Boston Chowderfest is on Sunday, July 7, from 11 a.m. to 6 p.m. at City Hall Plaza, One City Hall Square, Boston. Tickets are $13 for adults, $9 for children, and can be purchased here.

Ben Franklin: Son of Boston

On this Boston by Foot tour, you’ll find yourself walking among the many homes and haunts of one of Boston’s most beloved figures: Benjamin Franklin. You’ll learn about his extraordinary life as a scientist, inventor, diplomat, and much more.

The Ben Franklin: Son of Boston tour departs from the Irish Famine Monument, at the corner of School Street and Washington Street, at 3 p.m. You can purchase tickets here or directly from your guide.

Duck Tours

Hop aboard a “DUCK,” one of the World War II–style amphibious landing vehicles visible on many Boston streets, for a chance to see some of the city’s most famous sights—by land and by water. The views of the Boston skyline from the Charles River are breathtaking.

Boston Duck Tours are 80 minutes long and depart from the Prudential Center, 800 Boylston St., Boston, or the Museum of Science, One Science Park, Boston, every half hour beginning at 9 a.m.
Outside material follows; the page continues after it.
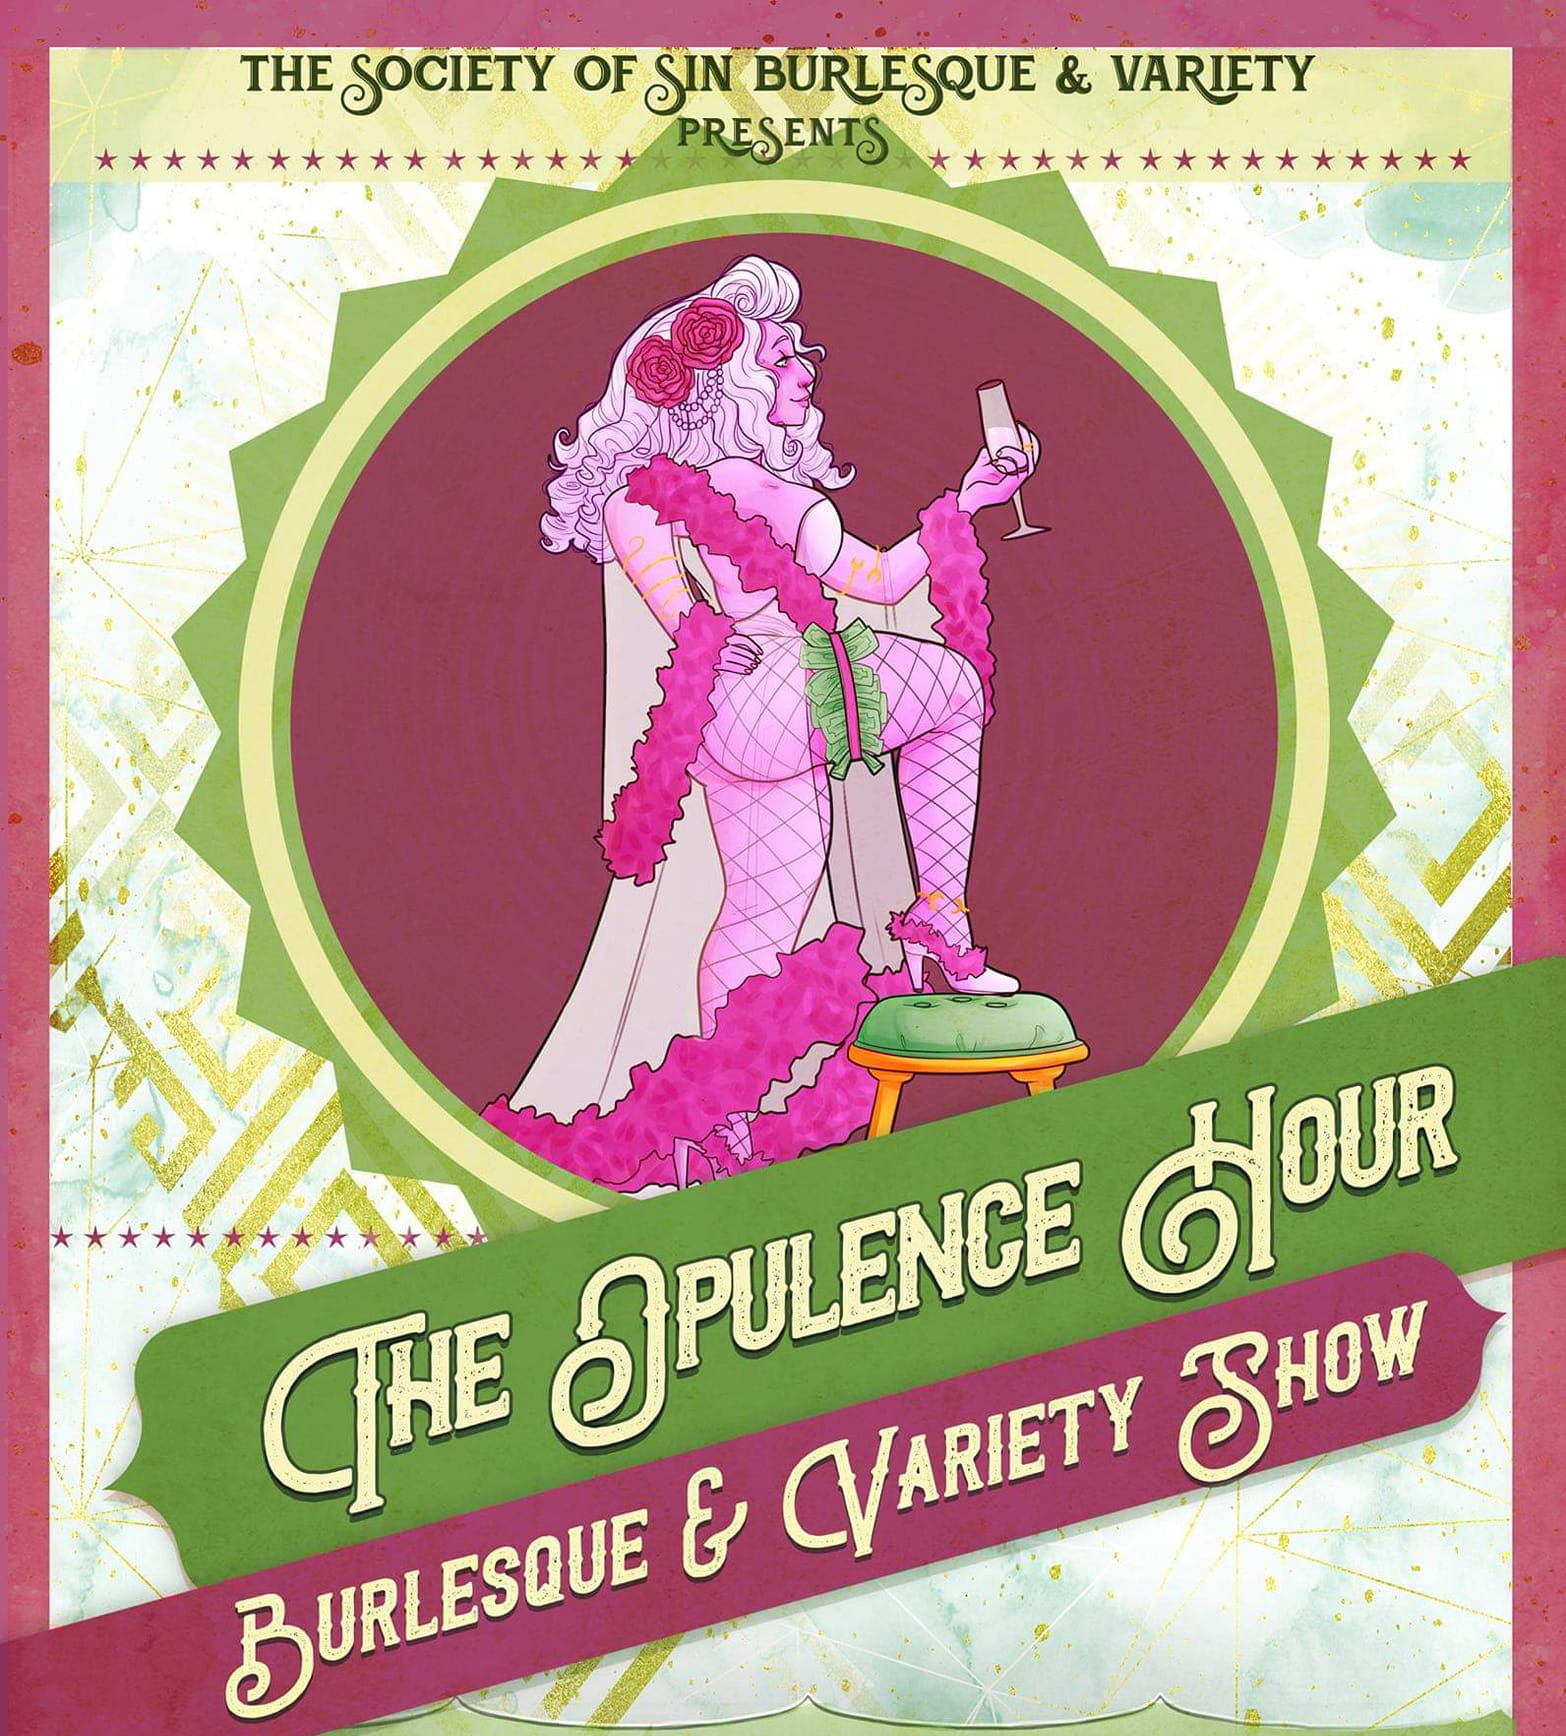 Opulence Hour Burlesque

Tickets are $33.99 for adults, $27.99 for students (12+), seniors (62+), and military, $22.99 for children (3 to 11), $10.50 for children under 3. An abbreviated, 65-minute tour departs from the New England Aquarium, One Central Wharf, Boston, every 20 to 25 minutes beginning at noon, and is $3 cheaper. Tickets can be purchased here.

Tom Vellner can be reached at tvellner@bu.edu follow him on Twitter at @tomgvellner.

3 Comments

3 Comments on Celebrating the Fourth of July

  • Benjamin Franklin on 07.03.2013 at 7:21 am

    There is nothing to celebrate when the unpredictable acts of terrorists can effectively compel the people of MA to sacrifice their essential liberty for temporary security on independence day. Given the number of men who have marched into battle fields facing blazing guns for us to fear the unknown is pathetic. Lady Gaga is right this is no longer the home of the brave.
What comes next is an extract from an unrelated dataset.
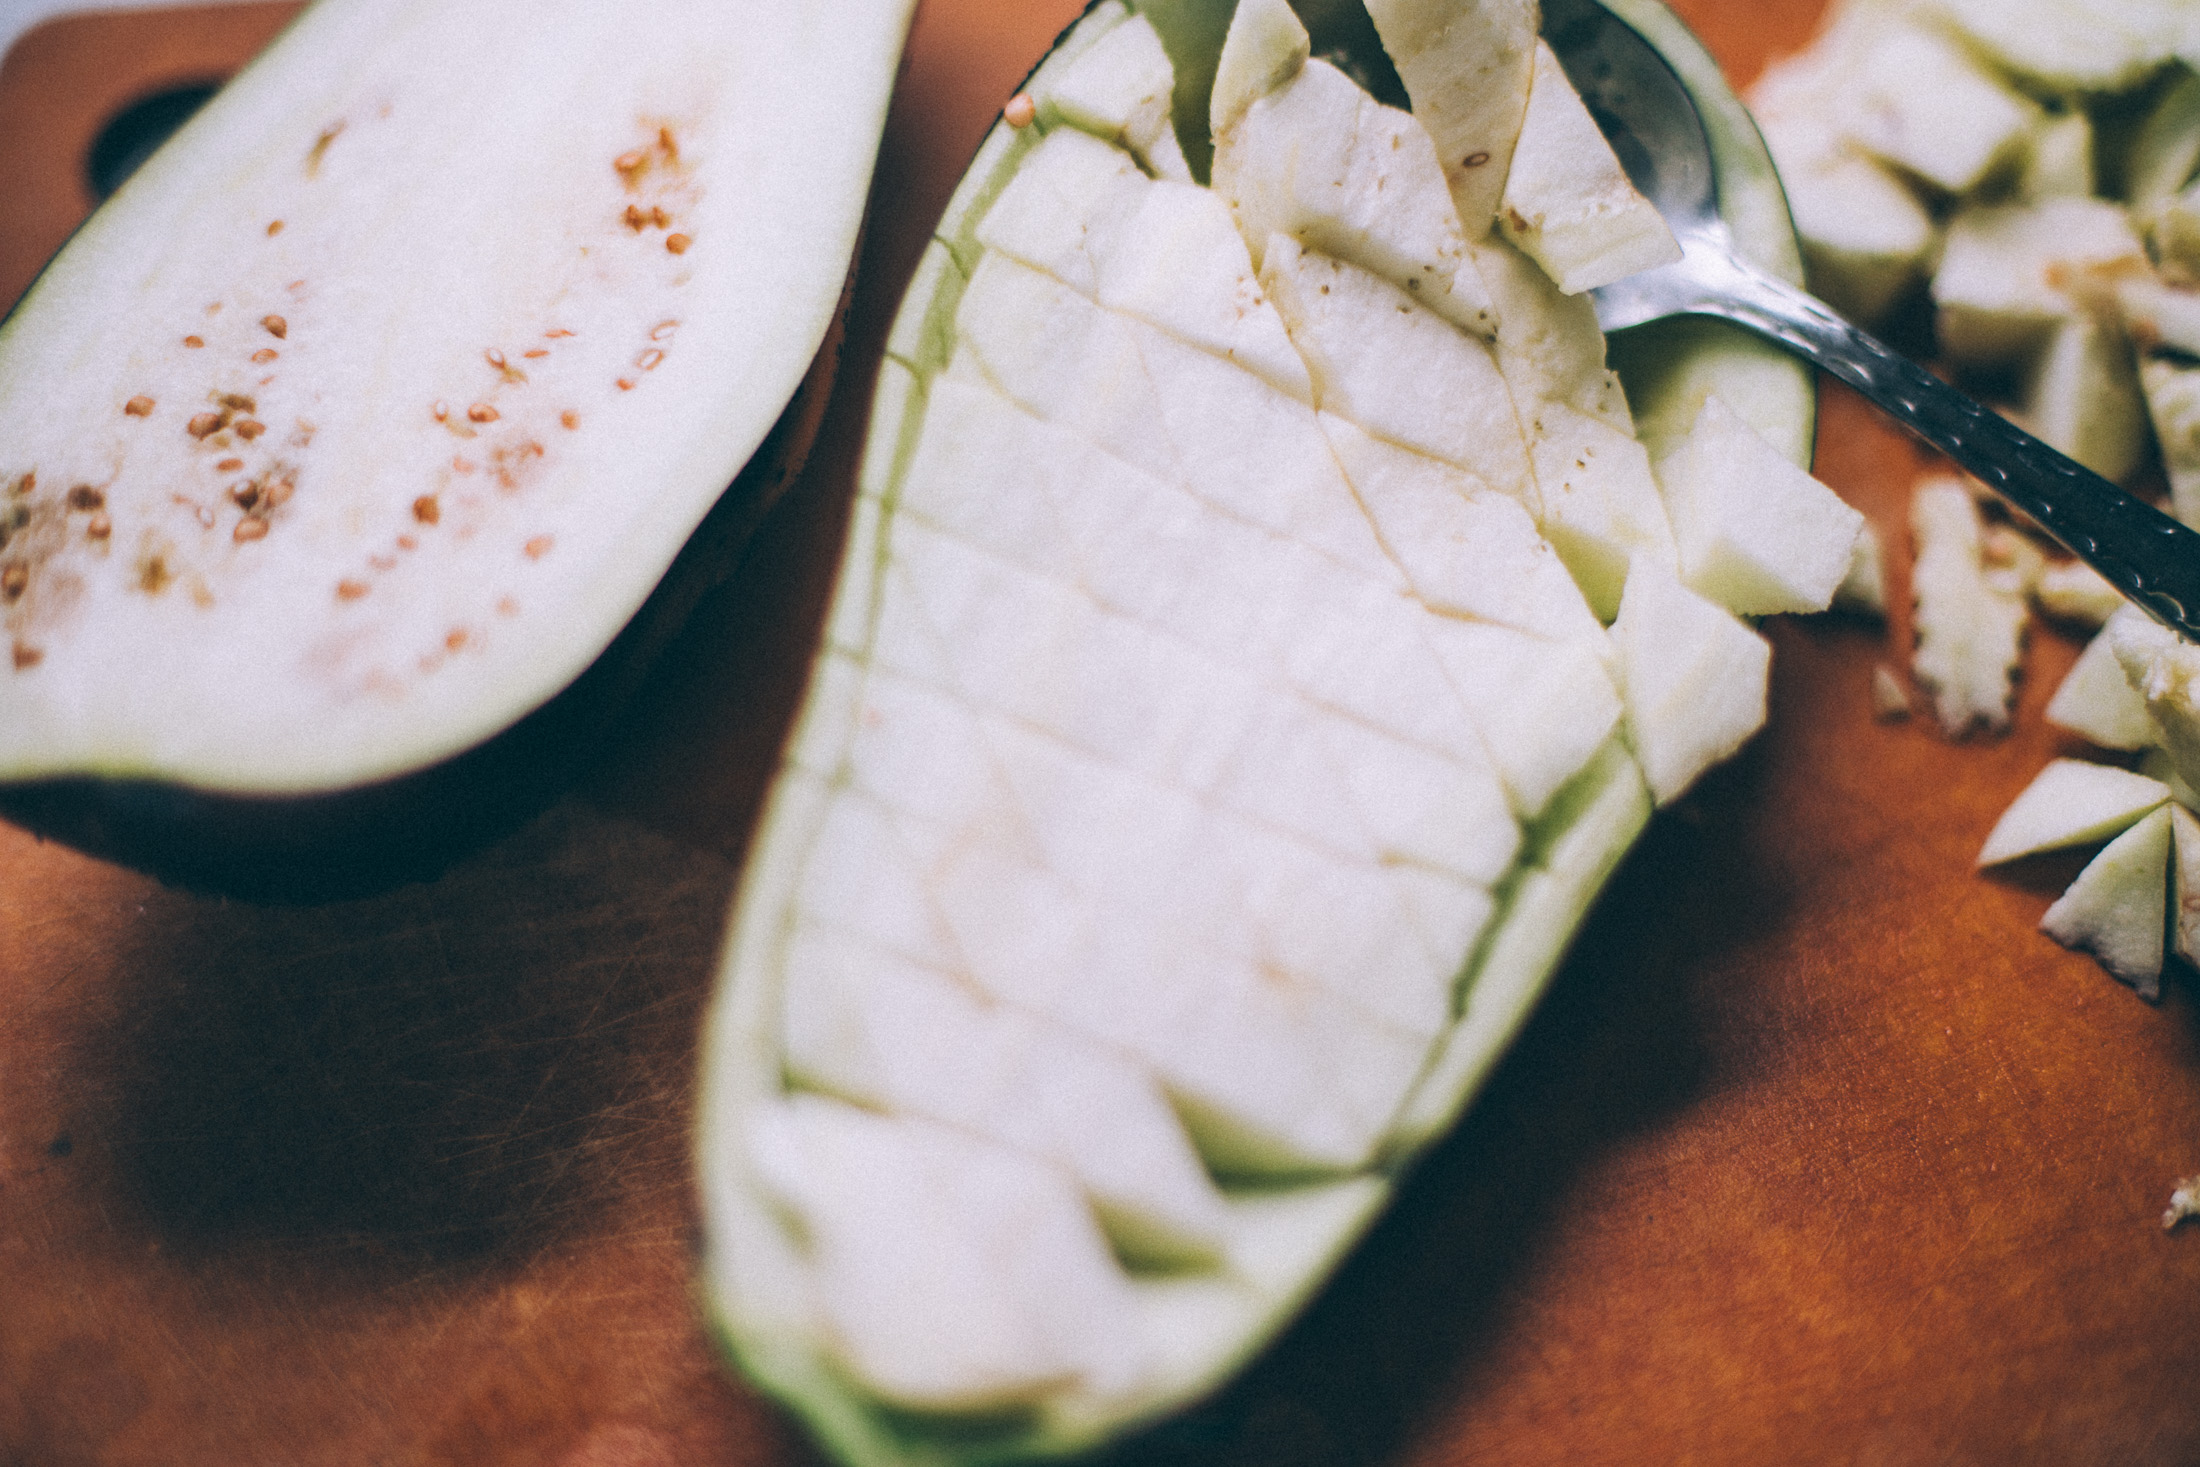 twice baked vegan eggplant parmesan recipe via willfrolicforfood.com

    • Kerberos on 07.03.2013 at 2:25 pm

      Using Lady Gaga as a life guide to call people of the United States and residents of Massachusetts pathetic, is fairly pathetic within itself. Have an original thought of your own that will bring positivity to the world…there’s a thought.

  • Anne Arsenautl on 07.05.2013 at 4:25 pm

    I missed seeing the fireworks on July 4 in Boston this year. I could not even get it on TV because my stations preferred the Washington celebration which was not as good as Boston’s. As a Bostonian this celebration means a lot to me, and no terrorist is going to change my mind.